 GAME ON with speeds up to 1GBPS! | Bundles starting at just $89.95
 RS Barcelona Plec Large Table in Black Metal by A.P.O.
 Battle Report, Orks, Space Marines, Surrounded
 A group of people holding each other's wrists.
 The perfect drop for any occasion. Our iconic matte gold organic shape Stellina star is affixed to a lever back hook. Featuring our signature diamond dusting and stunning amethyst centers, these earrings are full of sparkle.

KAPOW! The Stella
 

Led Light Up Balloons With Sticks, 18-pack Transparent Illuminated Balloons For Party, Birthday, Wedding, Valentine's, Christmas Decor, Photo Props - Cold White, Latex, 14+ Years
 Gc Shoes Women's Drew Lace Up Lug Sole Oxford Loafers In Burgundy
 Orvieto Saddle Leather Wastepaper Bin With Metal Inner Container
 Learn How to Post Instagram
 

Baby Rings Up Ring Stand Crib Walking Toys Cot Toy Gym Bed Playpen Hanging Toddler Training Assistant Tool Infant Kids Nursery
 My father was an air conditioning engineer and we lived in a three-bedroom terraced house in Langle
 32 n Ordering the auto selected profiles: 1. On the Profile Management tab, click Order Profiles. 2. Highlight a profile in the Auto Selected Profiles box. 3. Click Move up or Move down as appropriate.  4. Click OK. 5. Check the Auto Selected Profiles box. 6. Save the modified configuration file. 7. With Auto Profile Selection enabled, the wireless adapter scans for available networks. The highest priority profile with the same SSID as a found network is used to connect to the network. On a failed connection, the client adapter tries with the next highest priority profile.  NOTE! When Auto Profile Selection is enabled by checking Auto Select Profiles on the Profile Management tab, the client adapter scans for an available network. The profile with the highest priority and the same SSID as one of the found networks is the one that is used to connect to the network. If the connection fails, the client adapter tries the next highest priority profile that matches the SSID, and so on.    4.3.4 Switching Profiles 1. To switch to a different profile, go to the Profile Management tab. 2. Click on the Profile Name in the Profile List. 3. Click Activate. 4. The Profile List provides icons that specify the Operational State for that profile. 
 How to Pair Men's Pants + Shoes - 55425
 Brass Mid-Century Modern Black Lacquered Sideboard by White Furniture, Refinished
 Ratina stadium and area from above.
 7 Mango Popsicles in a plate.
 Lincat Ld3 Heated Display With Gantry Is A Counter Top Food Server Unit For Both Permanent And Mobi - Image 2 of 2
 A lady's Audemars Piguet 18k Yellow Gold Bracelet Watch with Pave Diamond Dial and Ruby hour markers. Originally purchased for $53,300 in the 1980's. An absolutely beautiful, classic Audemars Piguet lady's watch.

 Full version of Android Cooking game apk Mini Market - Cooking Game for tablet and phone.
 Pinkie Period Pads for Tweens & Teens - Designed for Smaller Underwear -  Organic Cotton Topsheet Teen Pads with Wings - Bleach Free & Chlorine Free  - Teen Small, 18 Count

** What you are asked to do **
Would you copy all lines in the records where the string "Shoes" appears?

** Response for this exercise **
 Gc Shoes Women's Drew Lace Up Lug Sole Oxford Loafers In Burgundy
 How to Pair Men's Pants + Shoes - 55425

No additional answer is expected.